CASI DOES NOT WARRANT THAT THE OPERATION OF THE SOLUTION SUPPLIED HEREUNDER WILL BE ERROR OR “BUG” FREE. EXCEPT AS EXPRESSLY PROVIDED IN THIS LICENSE GRANT, THE SOLUTIONS ARE PROVIDED WITH NO OTHER WARRANTIES, EXPRESS OR IMPLIED, STATUTORY, OR OTHERWISE, INCLUDING WITHOUT LIMITATION ANY WARRANTY OF MERCHANTABILITY OR FITNESS OR SUITABILITY FOR A PARTICULAR PURPOSE, TITLE, AND NON-INFRINGEMENT, AND ALL WARRANTIES ARISING FROM COURSE OF DEALING, USAGE, OR TRADE PRACTICE. CASI MAKES NO WARRANTY OF ANY KIND THAT THE SOLUTION AND DOCUMENTATION OR RESULTS OF THE USE THEREOF, WILL MEET LICENSEE’S OR ANY OTHER PERSON’S REQUIREMENTS, OPERATE WITHOUT INTERRUPTION, ACHIEVE ANY INTENDED RESULT, BE COMPATIBLE OR WORK WITH ANY SOFTWARE, SYSTEM OR OTHER SERVICES, OR BE SECURE, ACCURATE, COMPLETE, FREE OF HARMFUL CODE, OR ERROR FREE.

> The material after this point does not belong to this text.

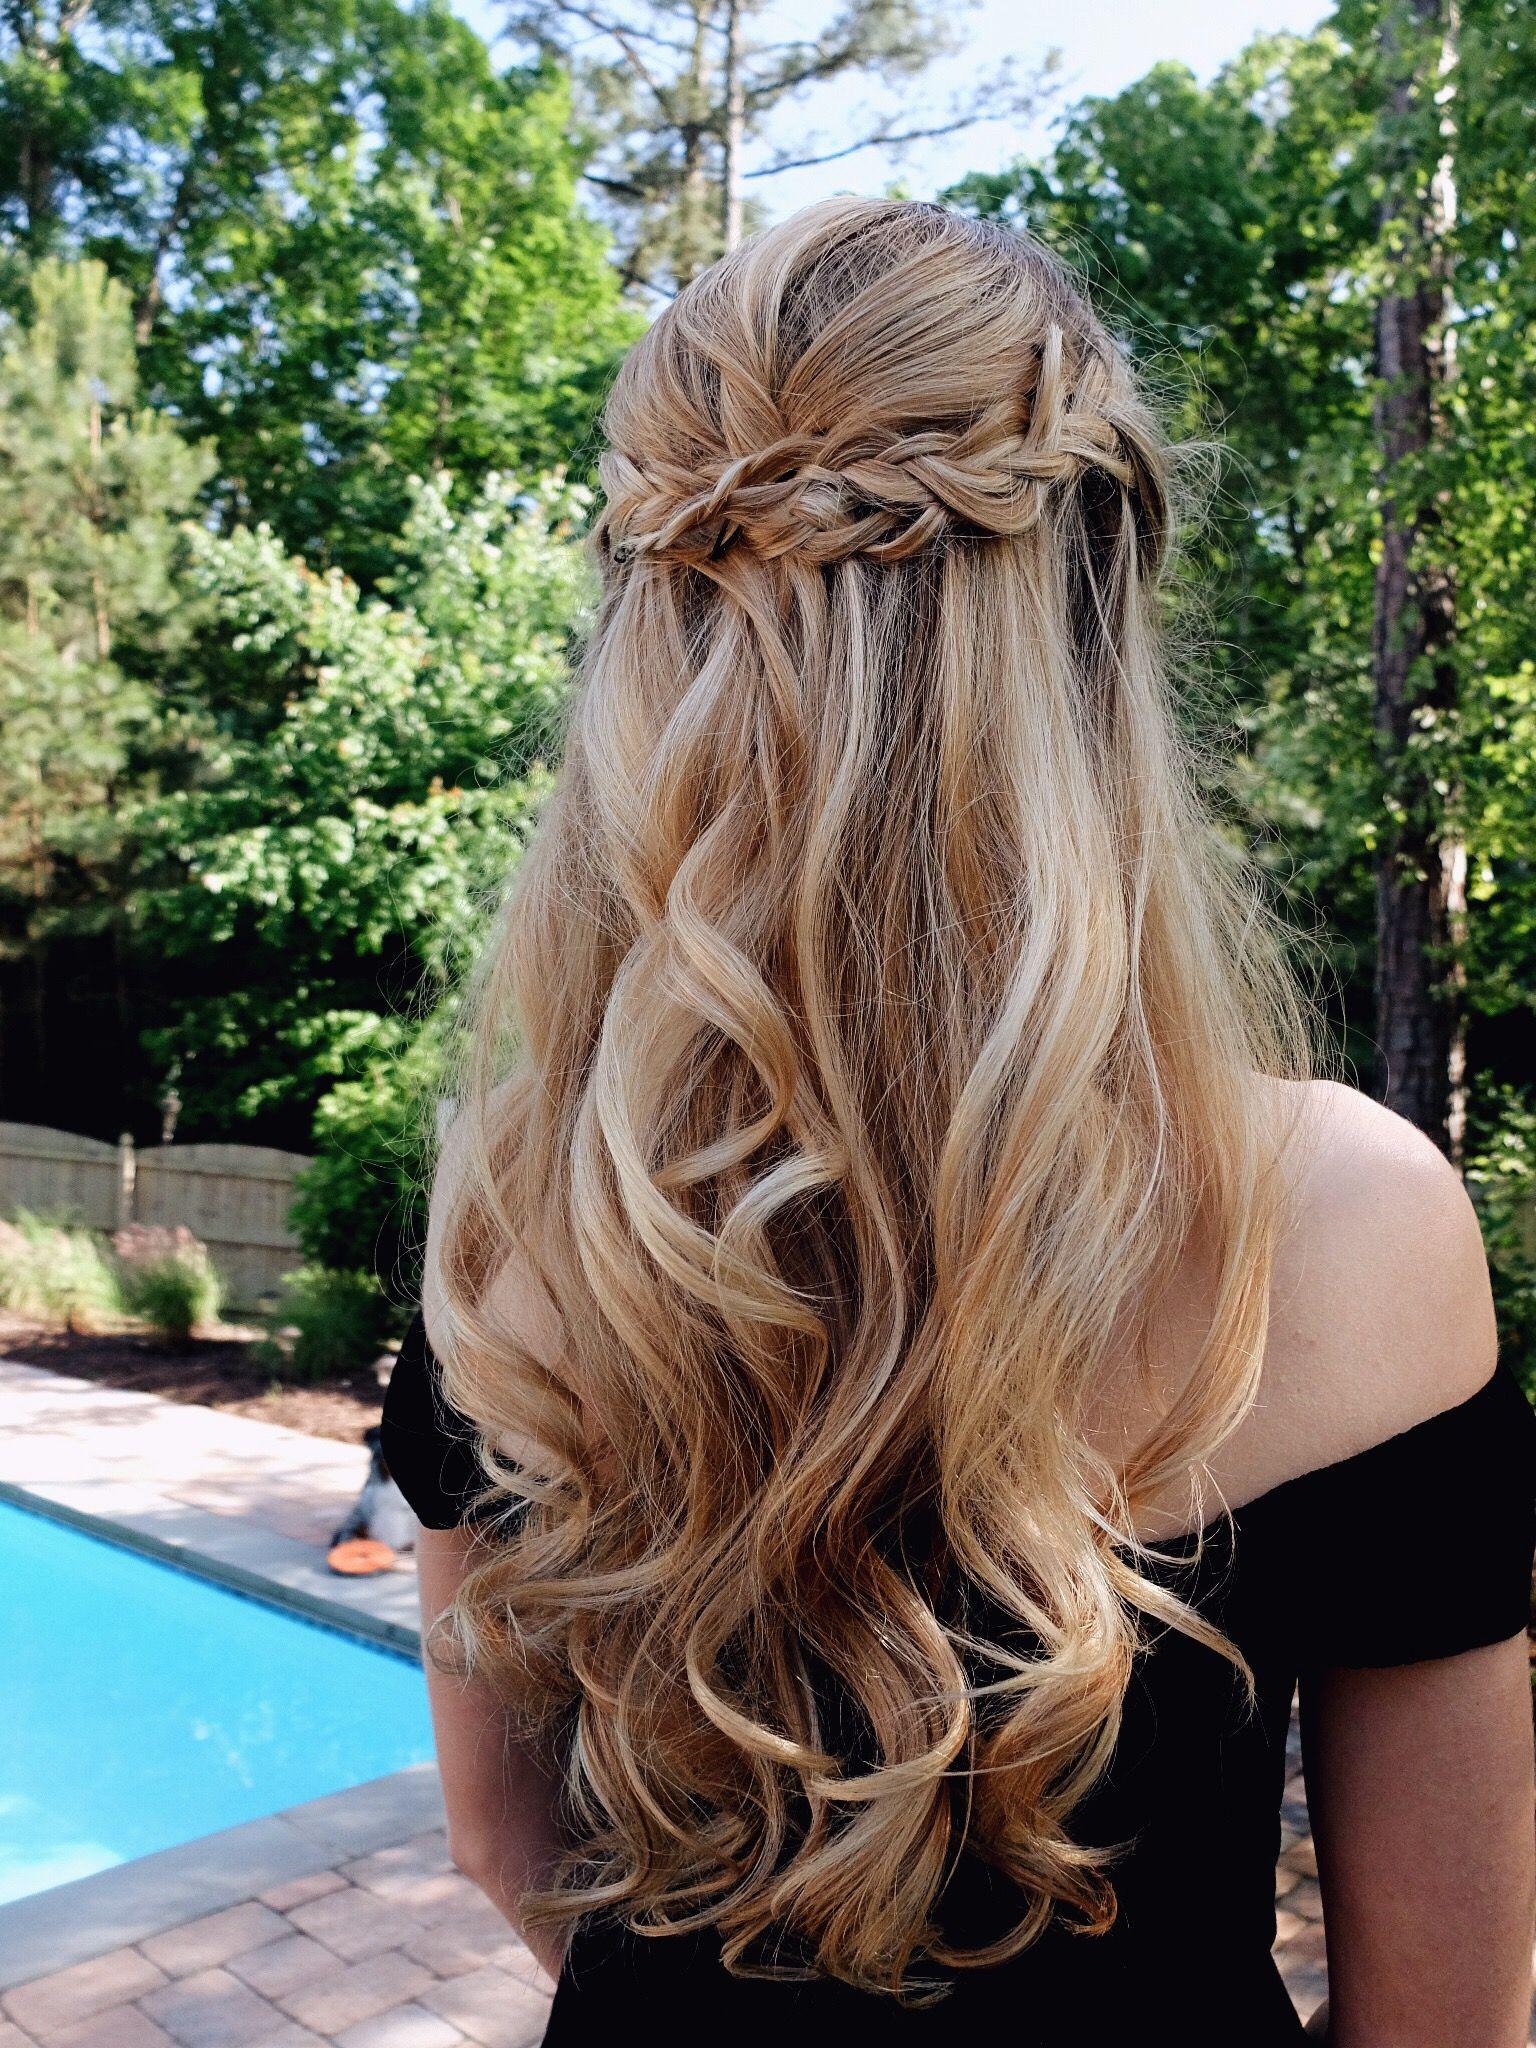 beautiful prom hair #prom #promhair #braid #curls | prom

CASI SHALL NOT BE HELD RESPONSIBLE OR LIABLE IN ANY EVENT FOR INDIRECT, SPECIAL OR CONSEQUENTIAL DAMAGES OF ANY KIND OR NATURE WHATSOEVER, TO PERSONS, PROPERTY OR OTHERWISE, ARISING OUT OF OR IN CONNECTION WITH THE PERFORMANCE OR USE OF THE SOLUTIONS, PRODUCTS OR PROGRAMS SOLD HEREUNDER, OR ITS USE BY A RESELLER, RESELLER’S CLIENT, OR AN END USER OF THE SOLUTION, OR THE EMPLOYEES OR AGENTS OF ANY OF THEM, WHETHER OR NOT CASI HAS ACTUAL KNOWLEDGE REGARDING THE POSSIBILITY OF SUCH LOSS OR DAMAGE.